Mohandas K. Gandhi's youngest son Devadas flew into New York and bowed himself out of a place to lay his head. On a business trip for the Hindustan Times, Managing Editor Gandhi arrived from London at 2:59 a.m., heard that an extra hotel room was available to him, promptly turned it over to a roomless fellow passenger (female), then discovered that he had no extra room. After a small-hour tour of Manhattan on foot and by cab, he wound up in a barber shop at 8 a.m., at last got a room through a helpful fellow customer.

Paul V. McNutt, breezy High Commissioner to the Philippines, blew into Seattle (by way of Adak) on the wings of diplomatic singsong. "After Manila," he hummed, "this cool climate is wonderful." Then he added: "After Adak, this warm weather is wonderful."

Mary Pickford flew home from a European junket with some inside dope. Hitler, said she, was not dead at all, but hiding out in the mountains. She had it from a Berlin guide. She said United Artists (one-third owner: Miss Pickford) was having trouble casting One Touch of Venus. "You can't imagine Venus . . . speaking with a Southern accent, or a New England accent, or a Brooklyn accent," she explained, ". . . it must be absolutely pure English."

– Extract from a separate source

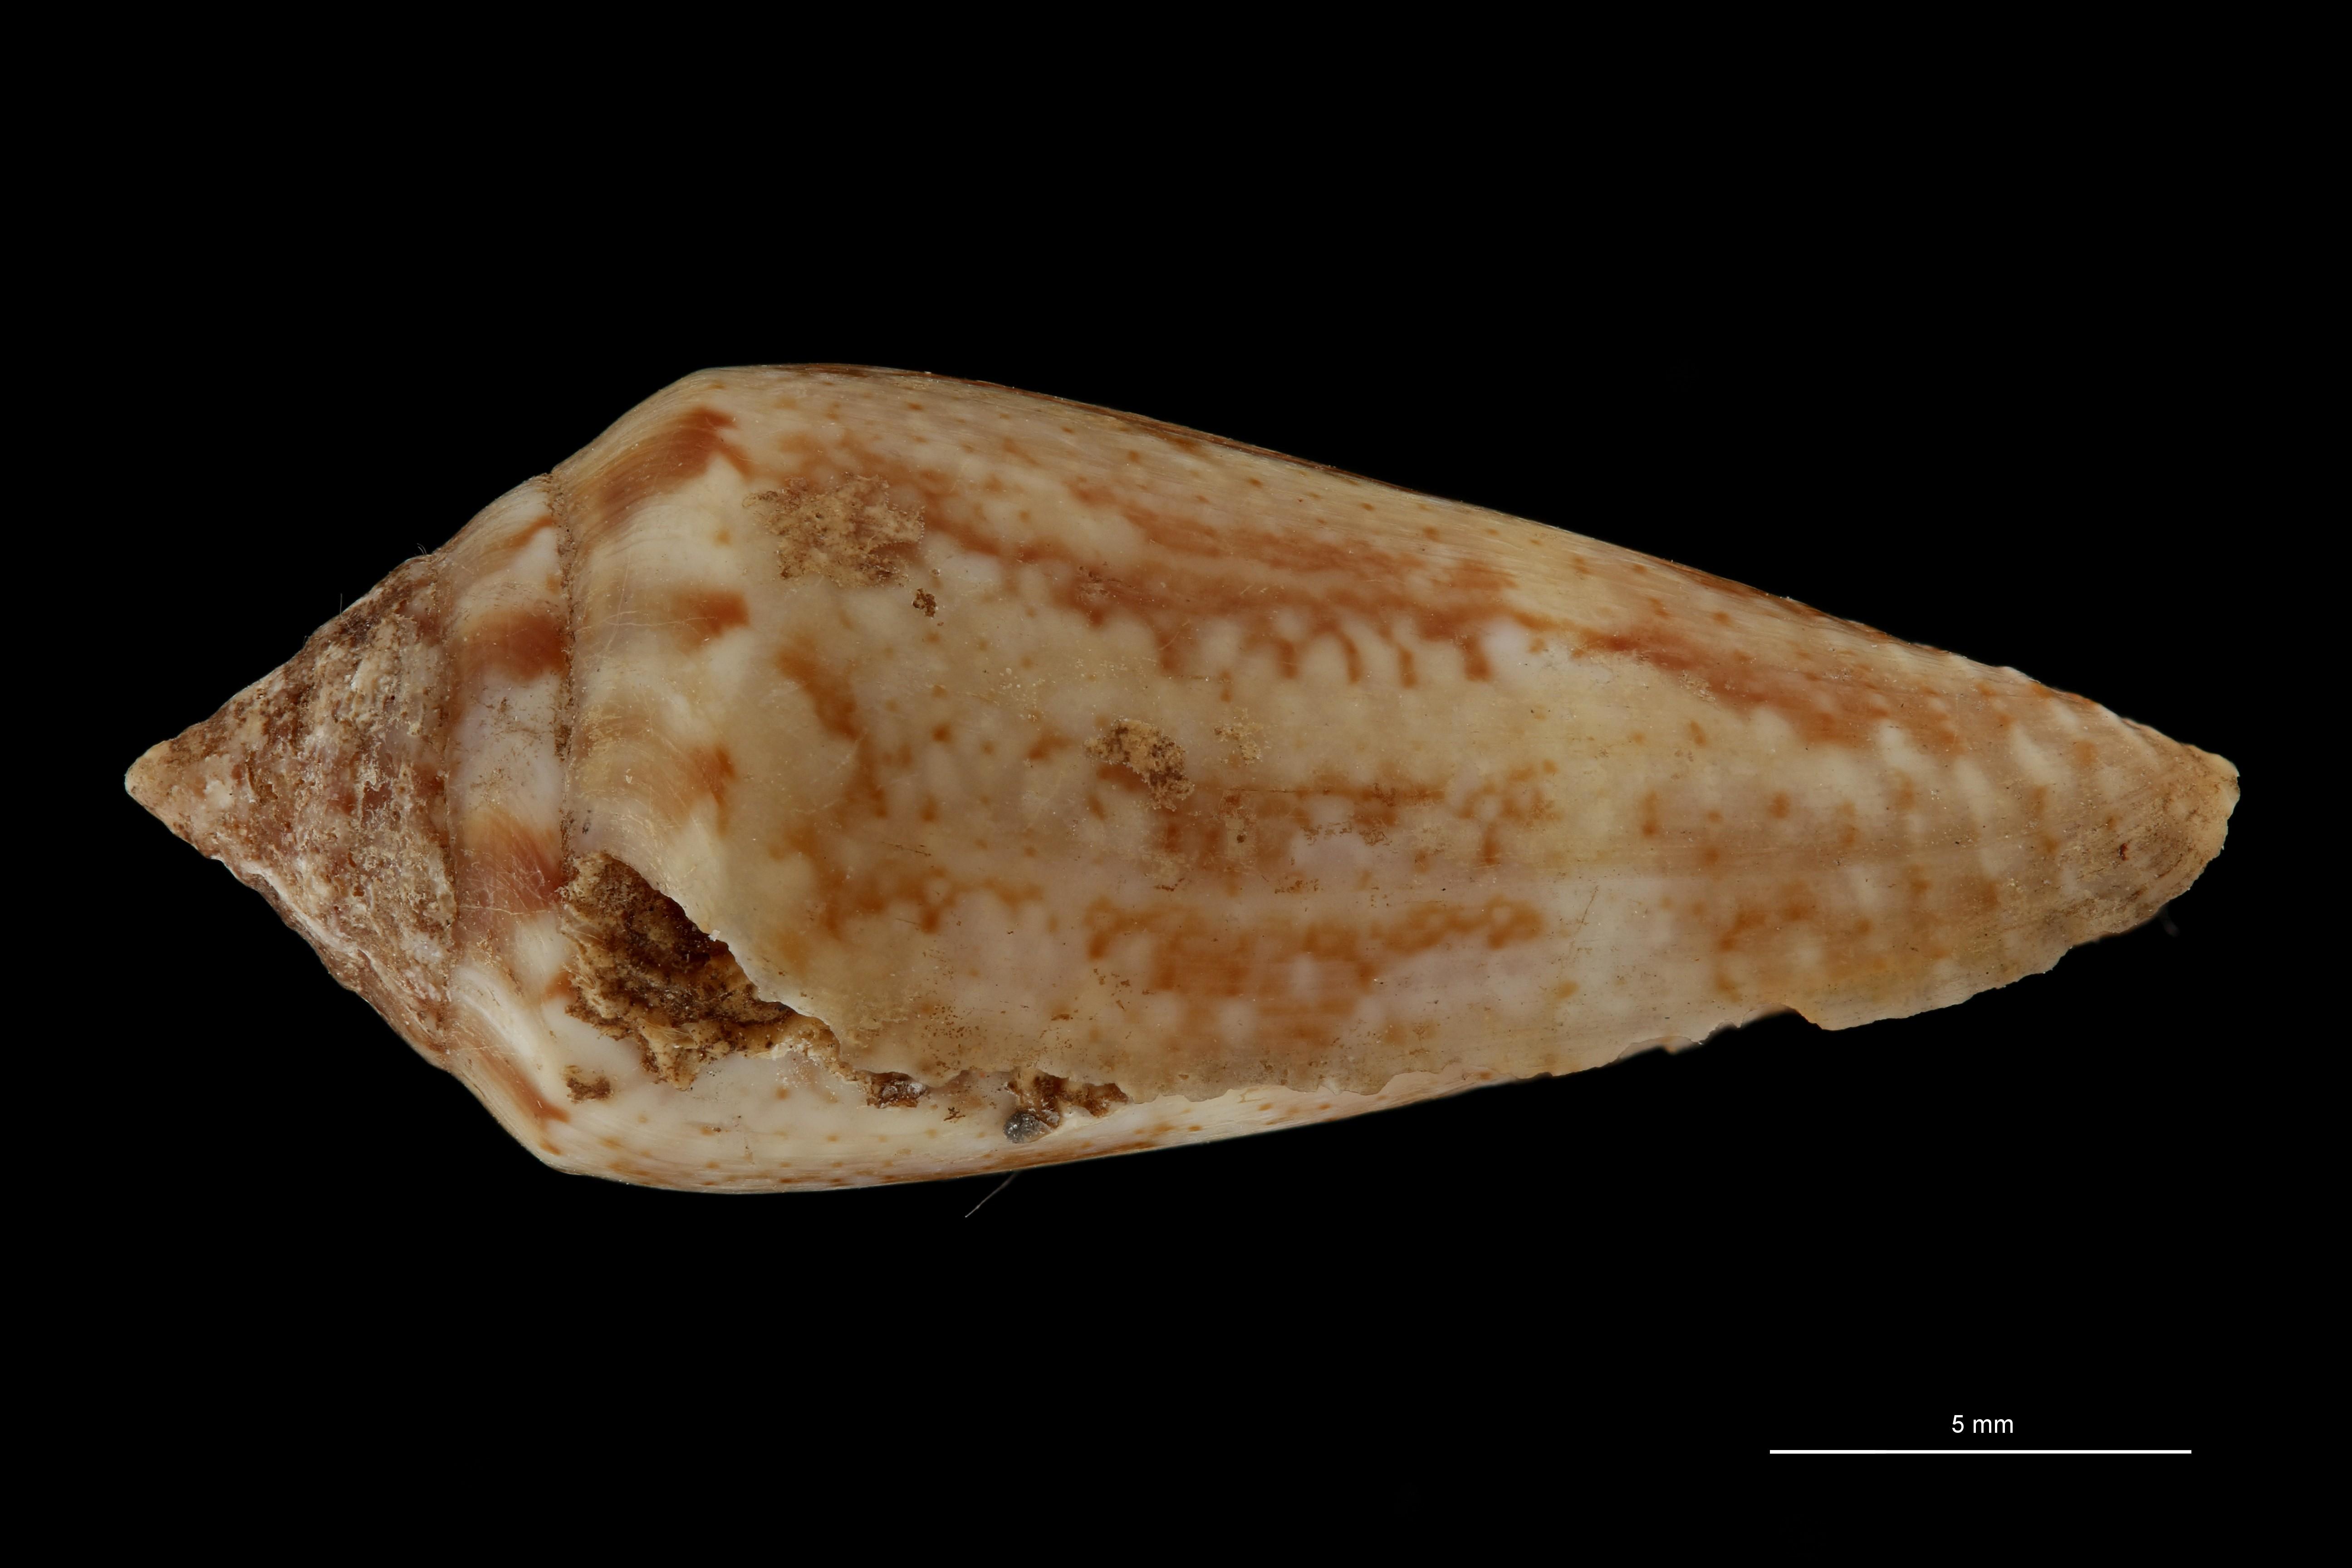 BE-RBINS-INV LECTOTYPE MT 401 Conus mediterraneus elongata LATERAL ZS PMax Scaled.jpg
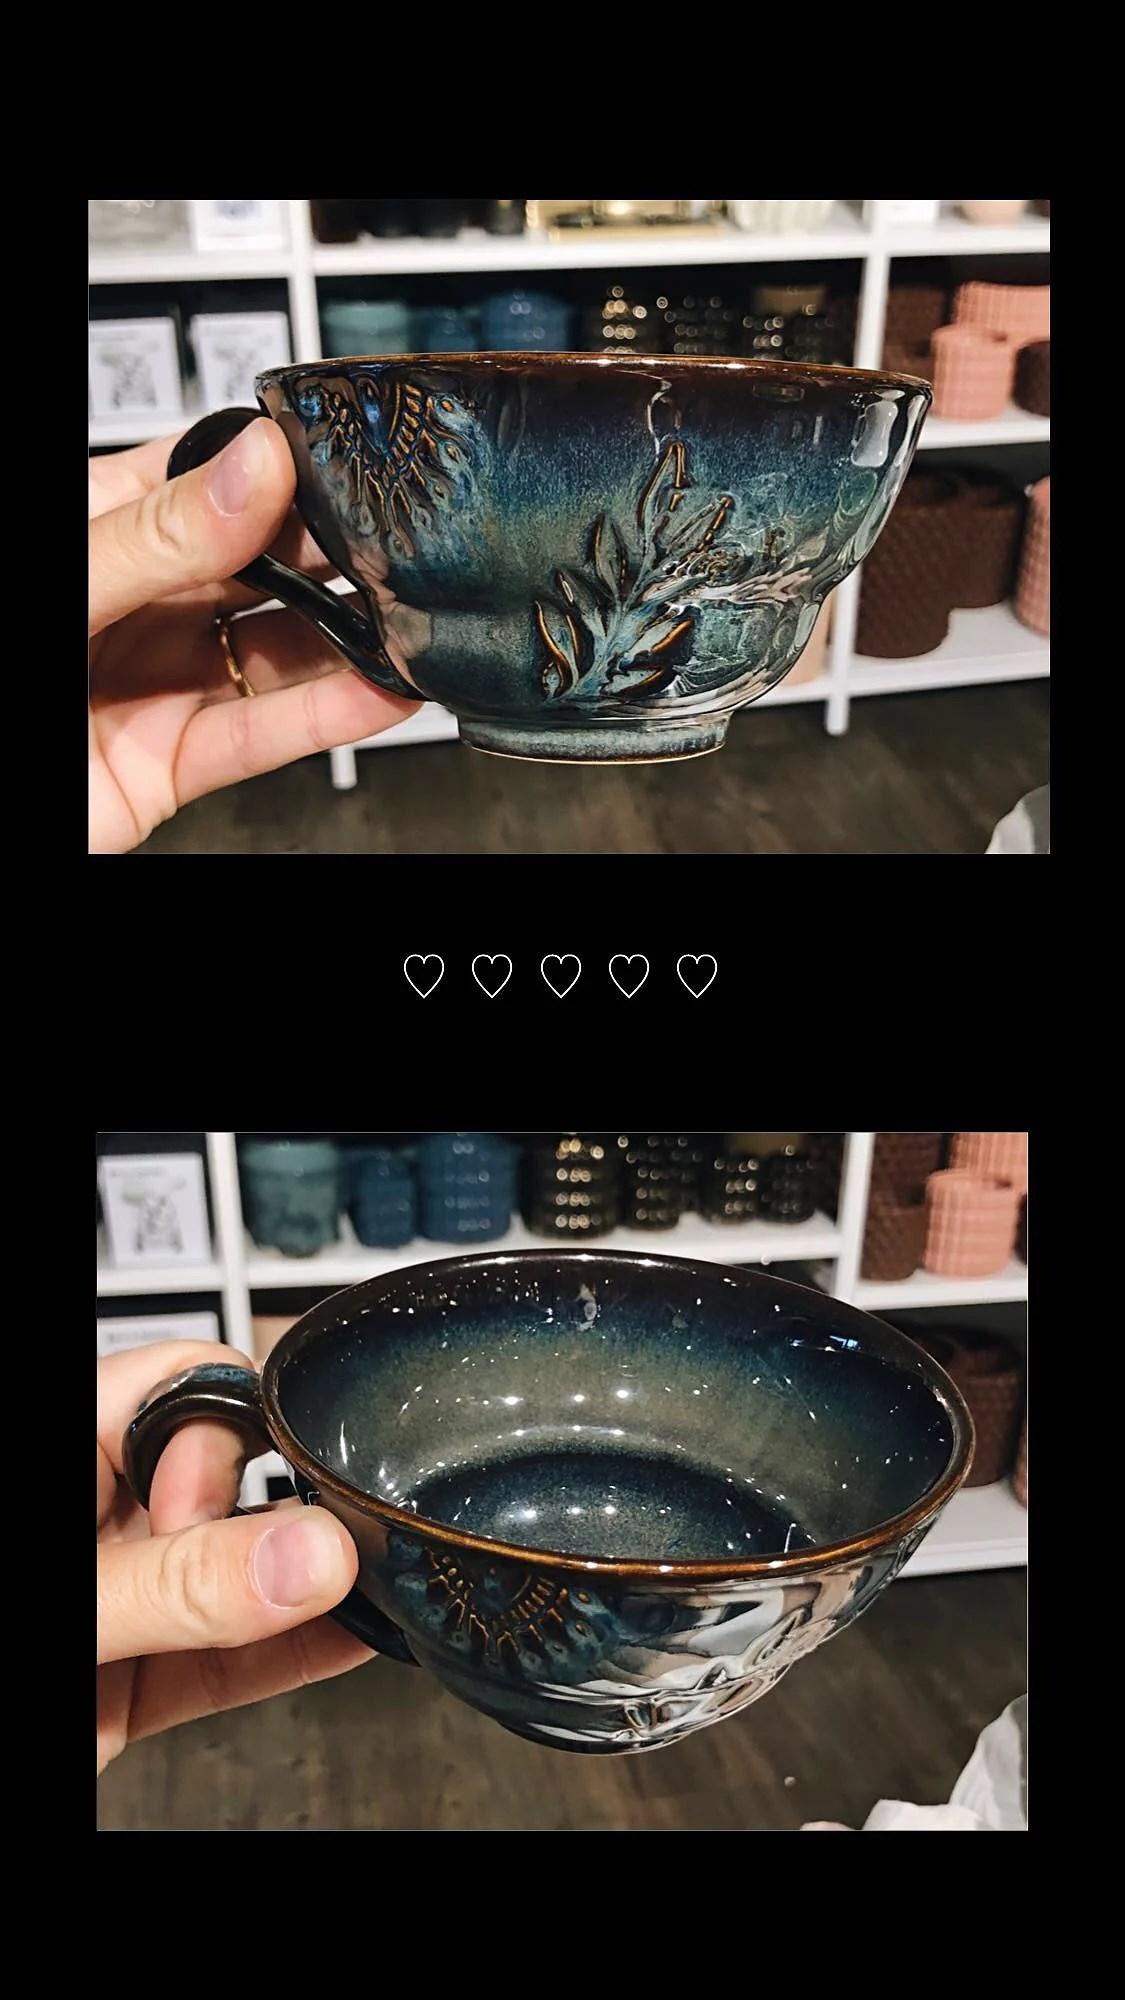 Den finaste koppen jag sett!

Annette Kellerman, who knocked another generation's hats off when she pioneered the one-piece bathing-suit, was back in the U.S. at 58 after years of residence in Australia. The famed bathing beauty arrived in San Francisco in unnatural silence and promptly dropped out of sight.

The Marquess of Queensberry, grandson of the man who is synonymous with boxing's rules, dropped into Manhattan "to see the fights"—the Woodcock-Mauriello go this week, the Louis-Conn go next month. The fiddle-fit Marquess, looking 30 at 50, came well-heeled: in either jacket pocket of his pin-stripe suit bobbed a bottle of 22-year-old Scotch.